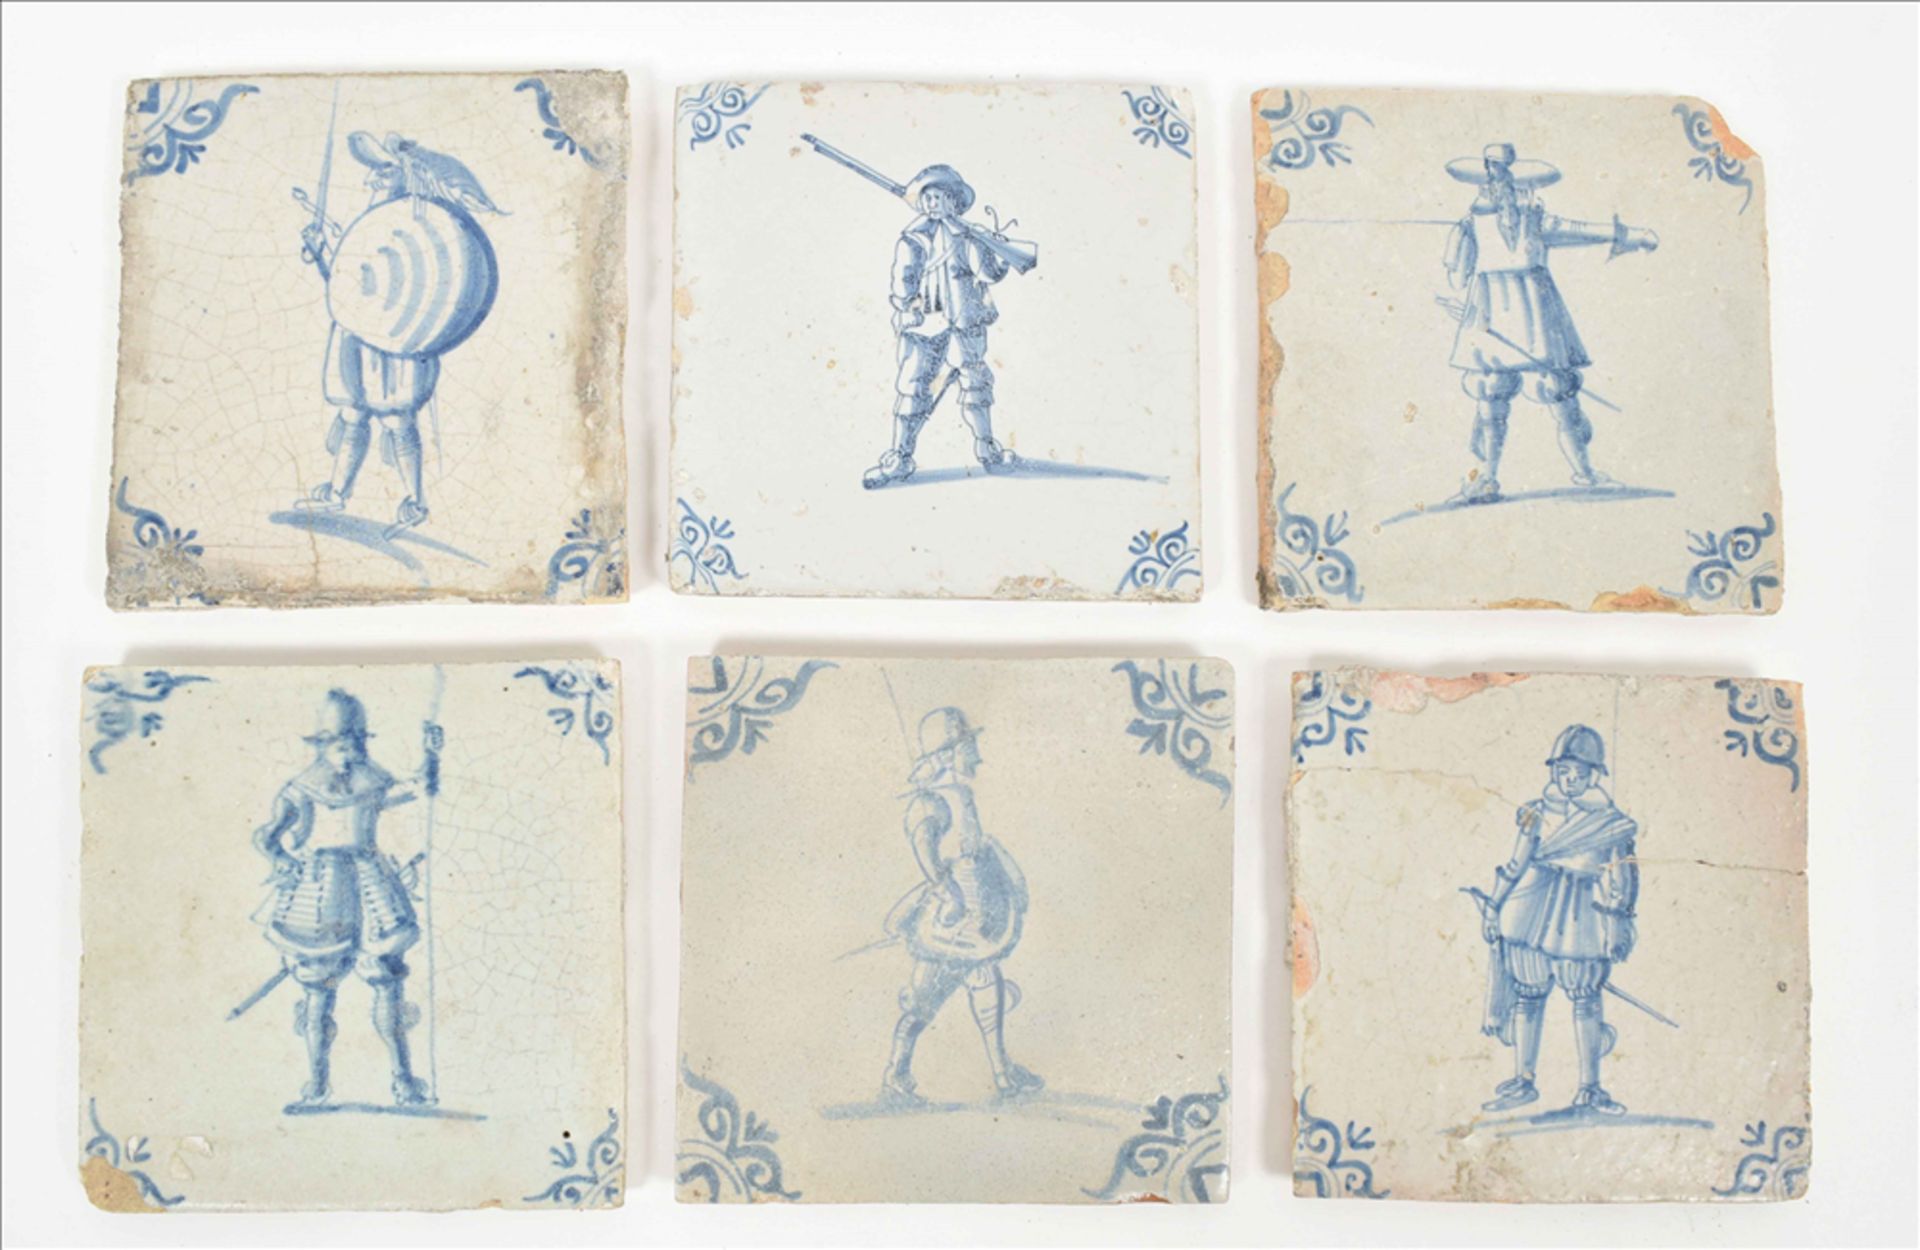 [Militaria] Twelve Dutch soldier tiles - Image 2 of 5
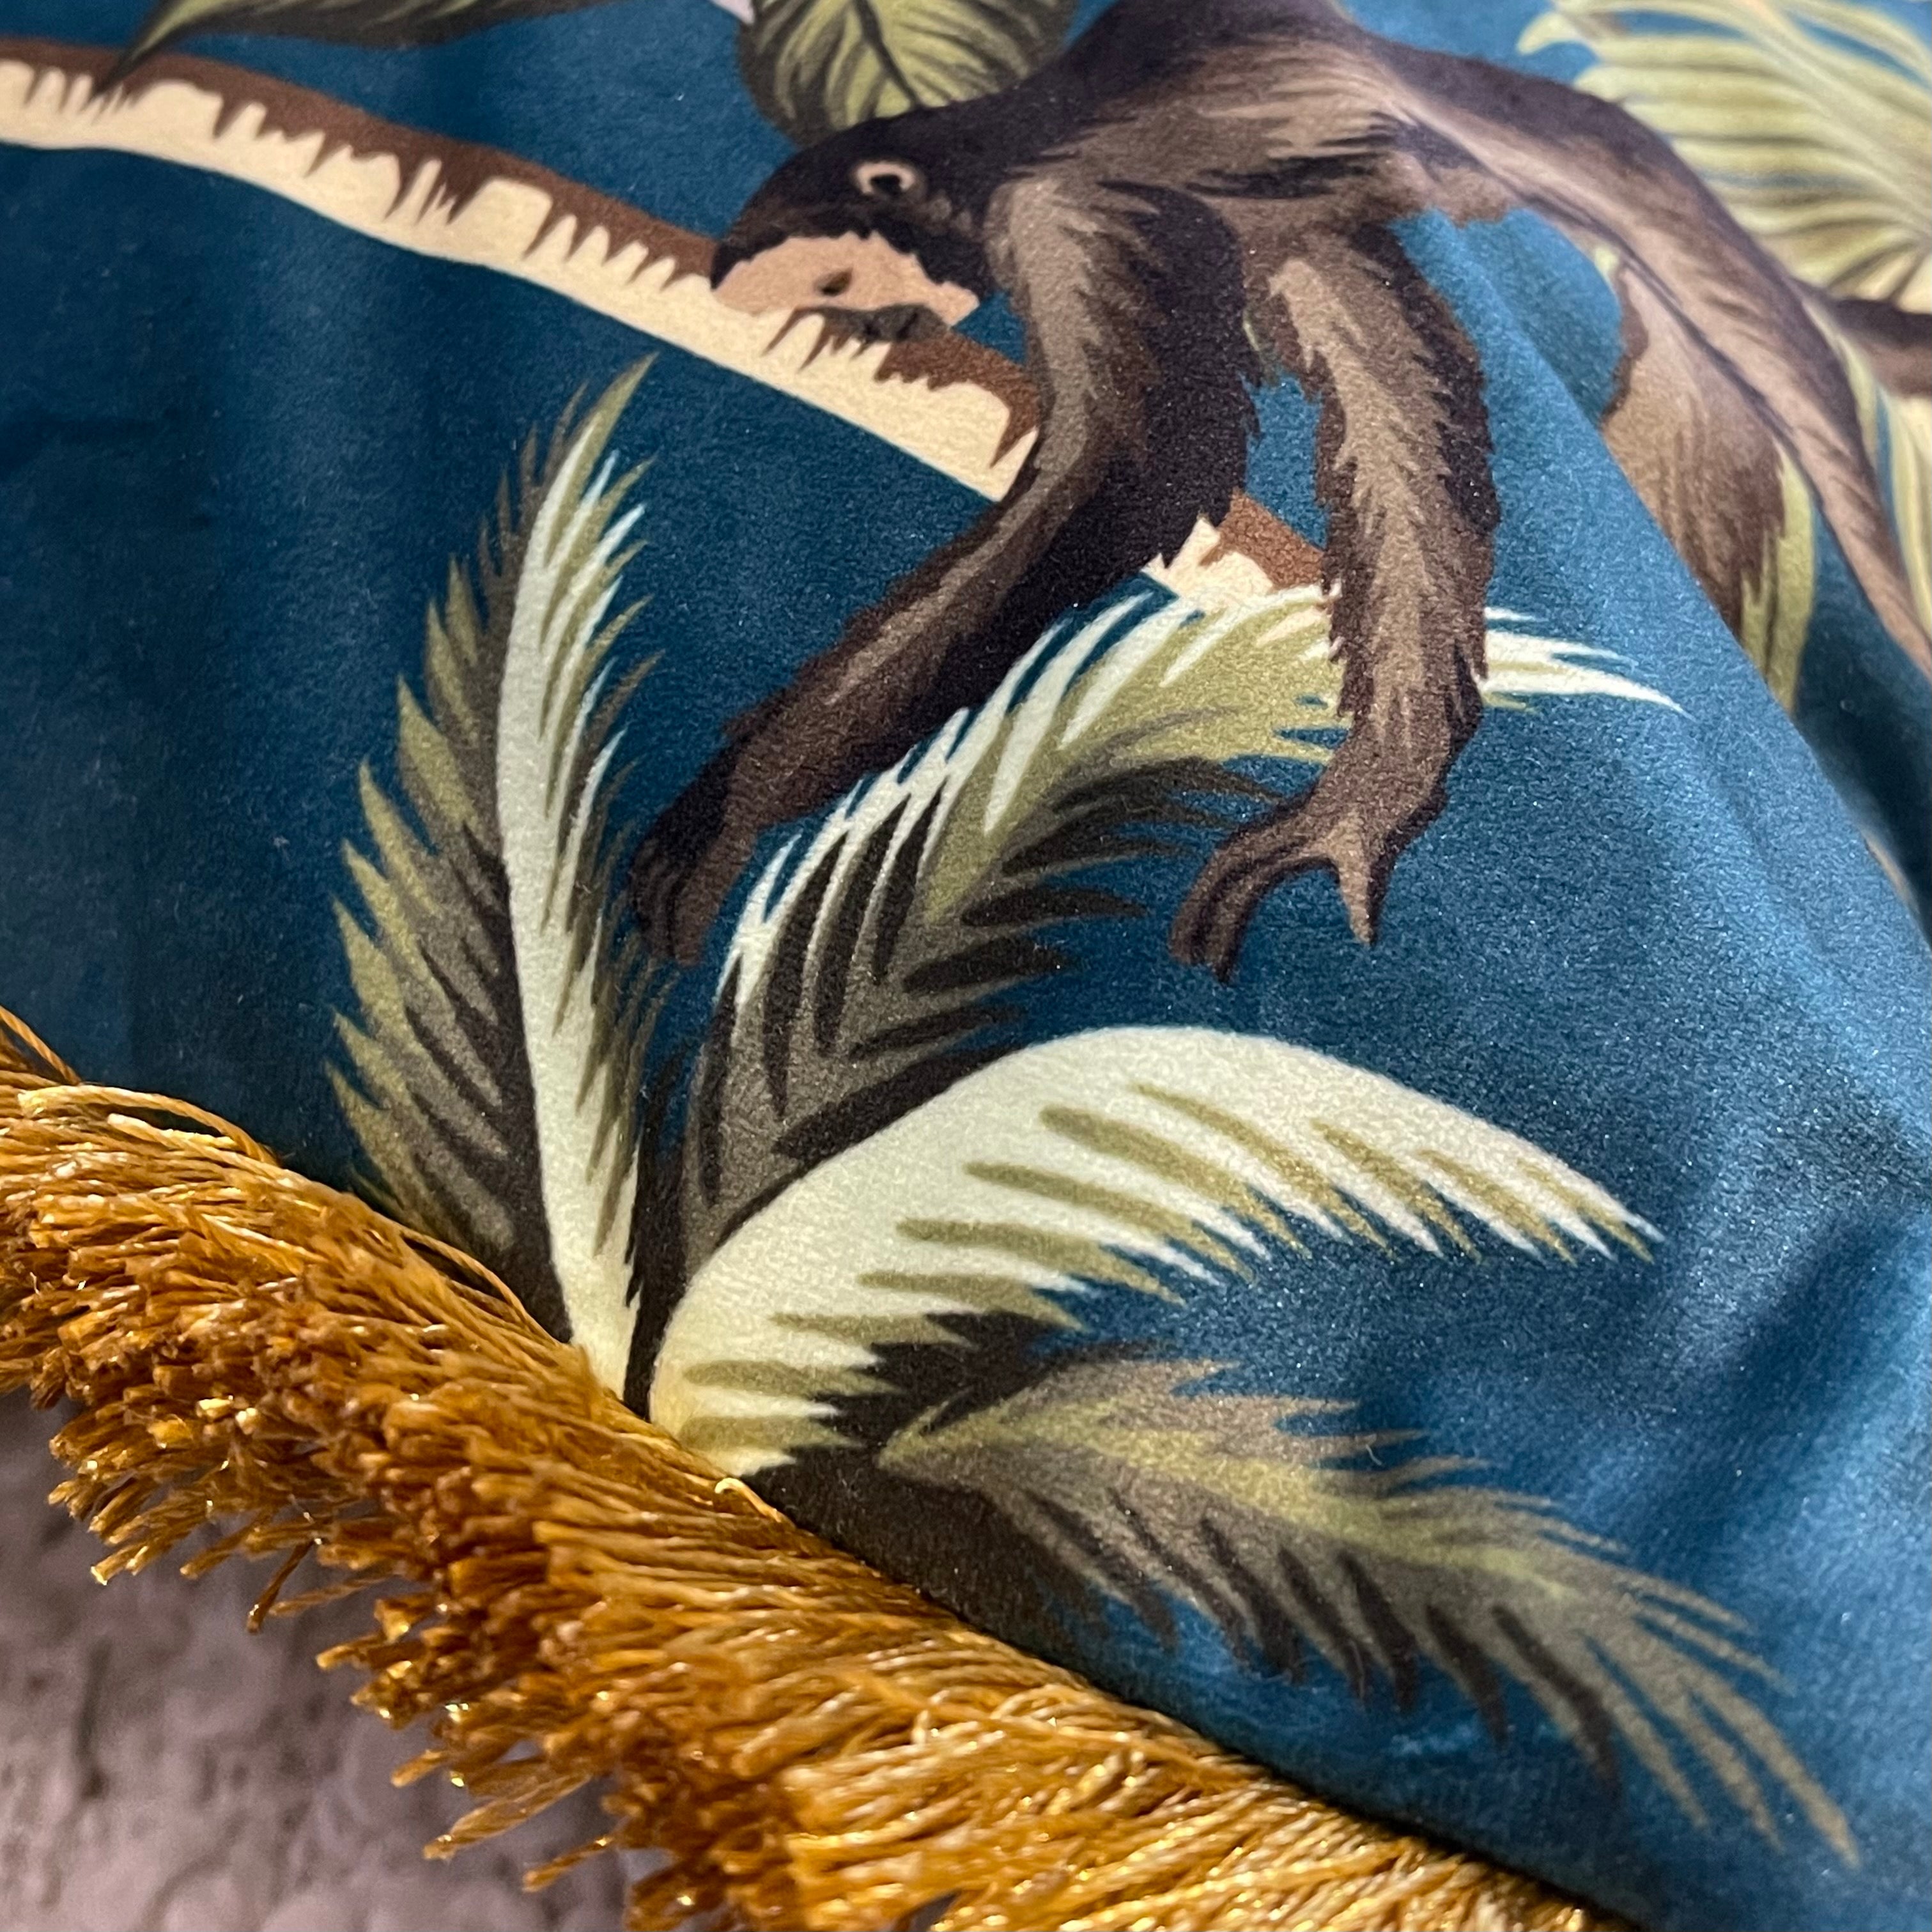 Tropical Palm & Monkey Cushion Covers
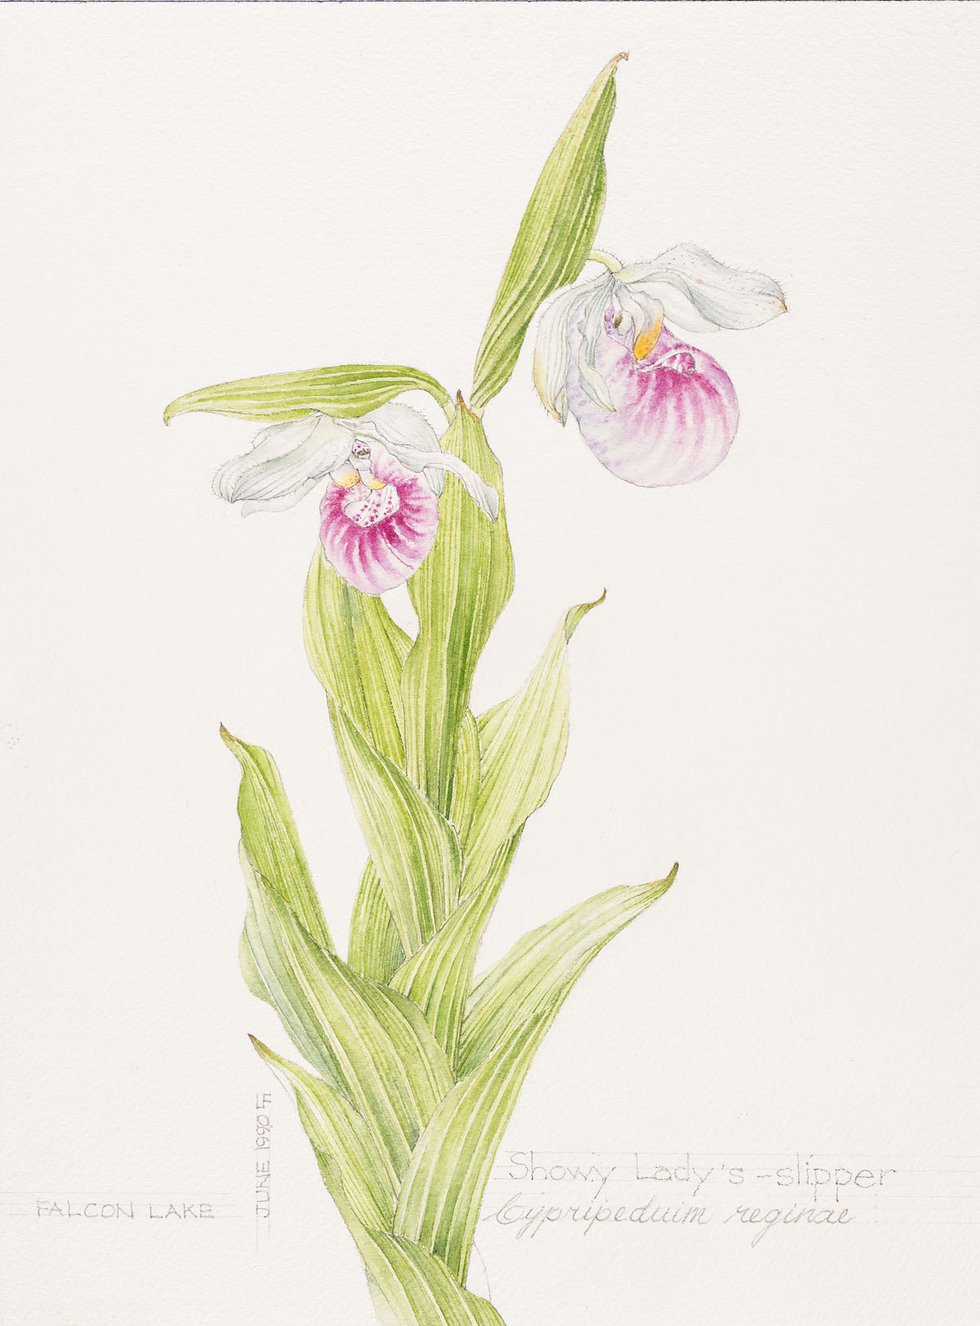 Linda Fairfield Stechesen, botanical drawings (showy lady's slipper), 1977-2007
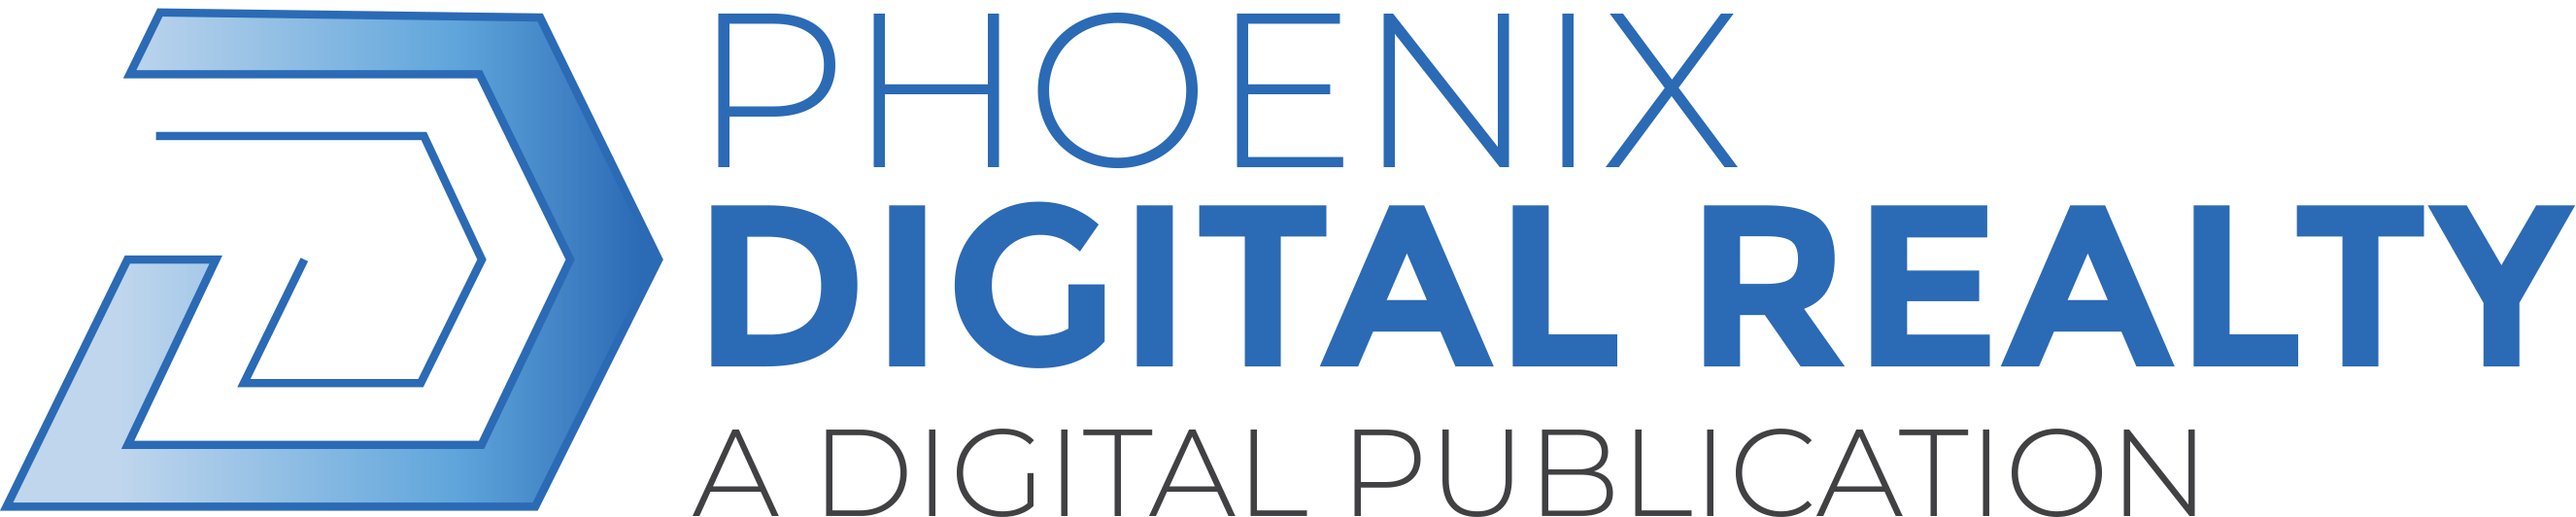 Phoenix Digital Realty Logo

**Work to complete:** All of the data above needs to be given again exactly. Leave out each image.

**Solution for this problem:**
 [Militaria] Twelve Dutch soldier tiles - Image 2 of 5
 Tropical Palm & Monkey Cushion Covers
 Linda Fairfield Stechesen, botanical drawings (showy lady's slipper), 1977-2007
 Phoenix Digital Realty Logo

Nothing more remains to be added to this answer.